In the early 1900s the three Held men left their families and moved to California where they took up a homestead near Muroc Dry Lake and began to prepare a place to bring their wives, mother and baby brother. Their first task, not too difficult for miners, was to dig a 200-foot-deep well which proved to furnish water too alkali to drink. The brothers then moved to Los Angeles while continuing to prove up the homestead. They eventually found work with the Boos Brothers chain of cafeterias as managers and bakers.

Once established, they brought their families west and opened a small grocery store on South Vermont, near the present site of Coliseum Park, continuing to work for Boos Brothers. By 1909 they sent for their mother and 10-year-old brother, meanwhile still searching for a more hospitable area to homestead. Sometime between 1909 and 1916 they homesteaded in upper Agua Dulce Canyon, above Vasquez Rocks. After he turned 21, Tony Held also homesteaded a portion of the Rocks which he later relinquished so his friend George Schaeffer could prove it up. The older brothers continued to work in Los Angeles while building a small house for their mother and houses for Fred and Charlie in Agua Dulce. Otto's larger Rock house was started about 1931.
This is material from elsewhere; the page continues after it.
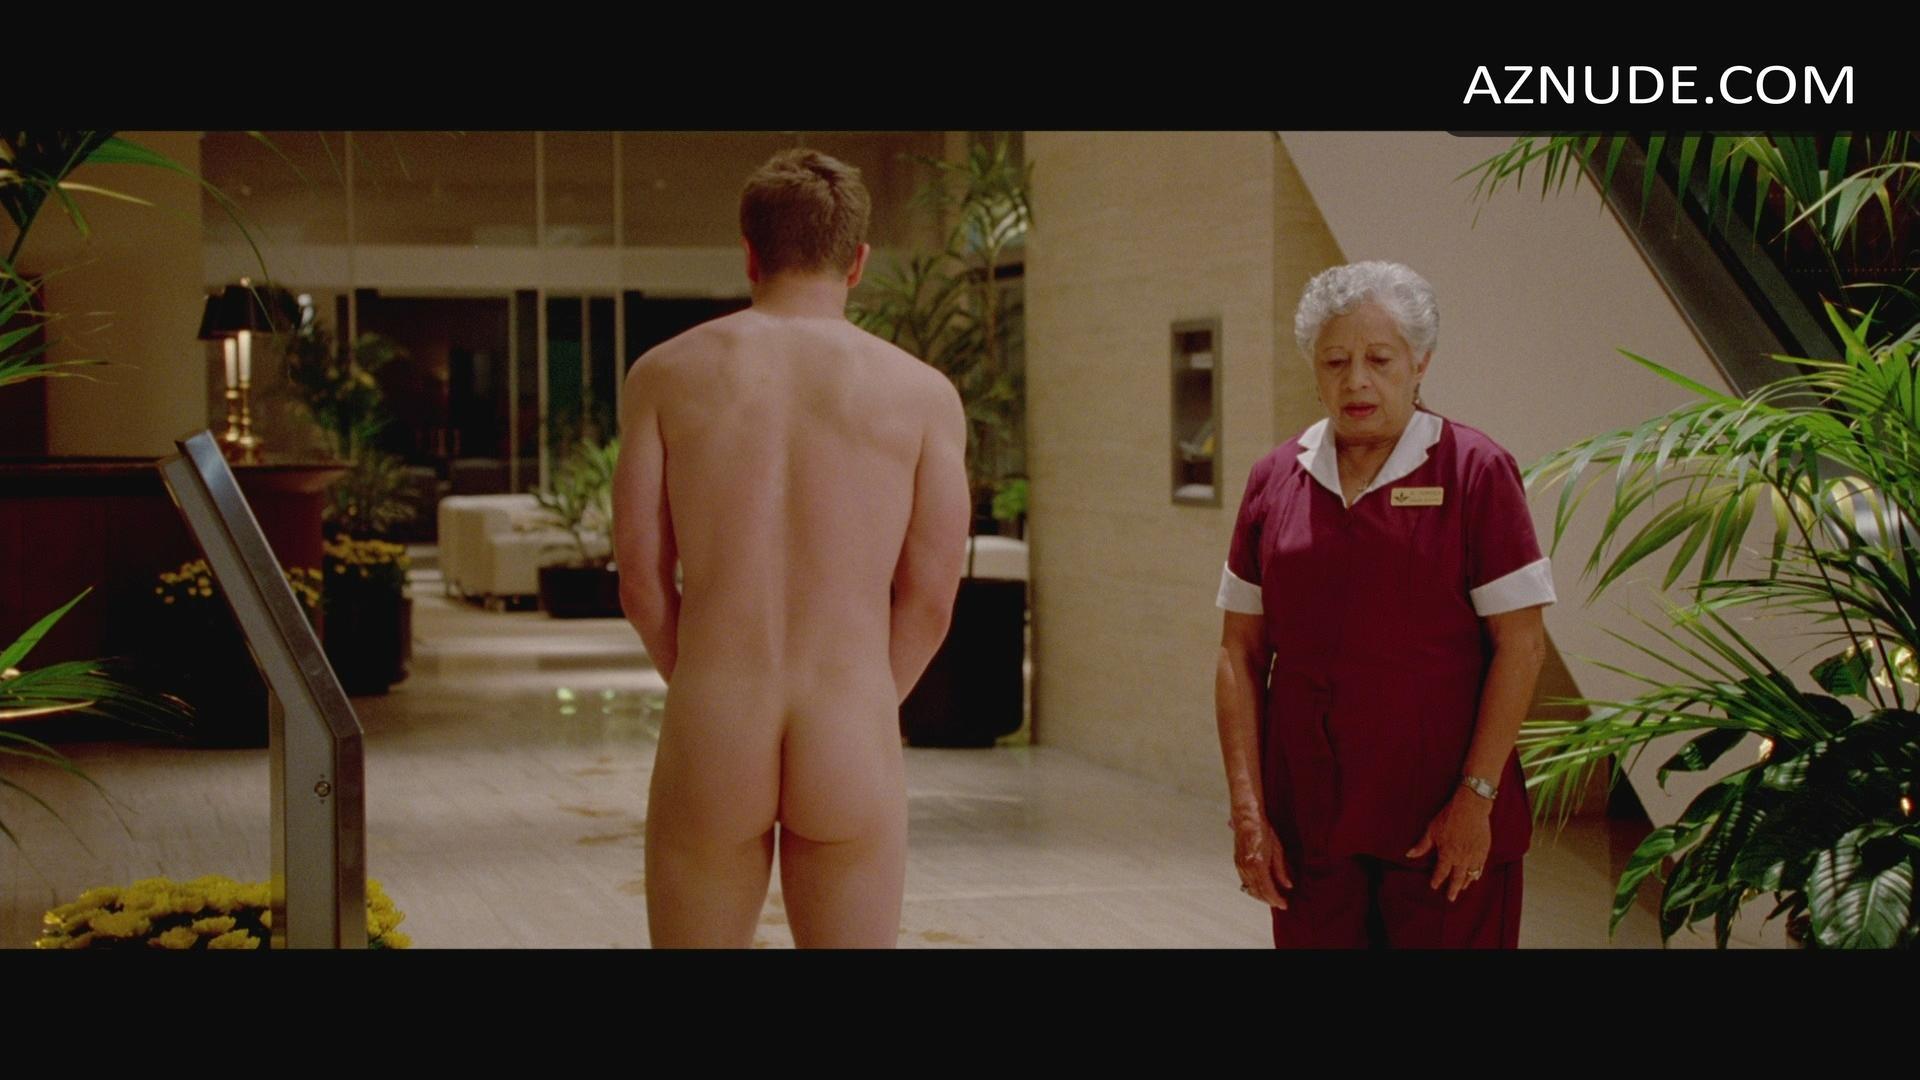 MATT CZUCHRY Nude  AZNude Men

Tony met Geneva while she was employed as teacher of the Sulphur Springs School and in December of either 1922 or 1923 they were married. Dad immediately began to build the small rock house I remember as my first home. He hauled rocks home every day after work in the mine and cemented them in place on Sundays. The house began as a two-car garage. The open end was closed with wood siding. The interior was partitioned to form a living room, a very small bedroom and a small kitchen. The only water was piped to a kitchen sink. An outhouse stood against the small knoll in back. I still remember an excursion one snowy night when I was five. Having no snow boots, I wore my mother's boots, which were much too large and kept filling with snow. A screened-in lean-to type structure was attached to the south end of the garage. This was where Mom, Dad, my brother Bud and I slept on all except the worst winter nights.

We lived in this house until 1932 when Dad and Mother moved to Lakeside, east of San Diego. My grandfather had invested a sum of money with the Sharkey Investment Co. The company went bankrupt and my grandfather received a heavily mortgaged citrus grove for his investment. When his job with the county survey department was terminated during the depression, Dad was offered a partnership in the grove. Father furnished the capital and the labor and ran a very successful operation for many years.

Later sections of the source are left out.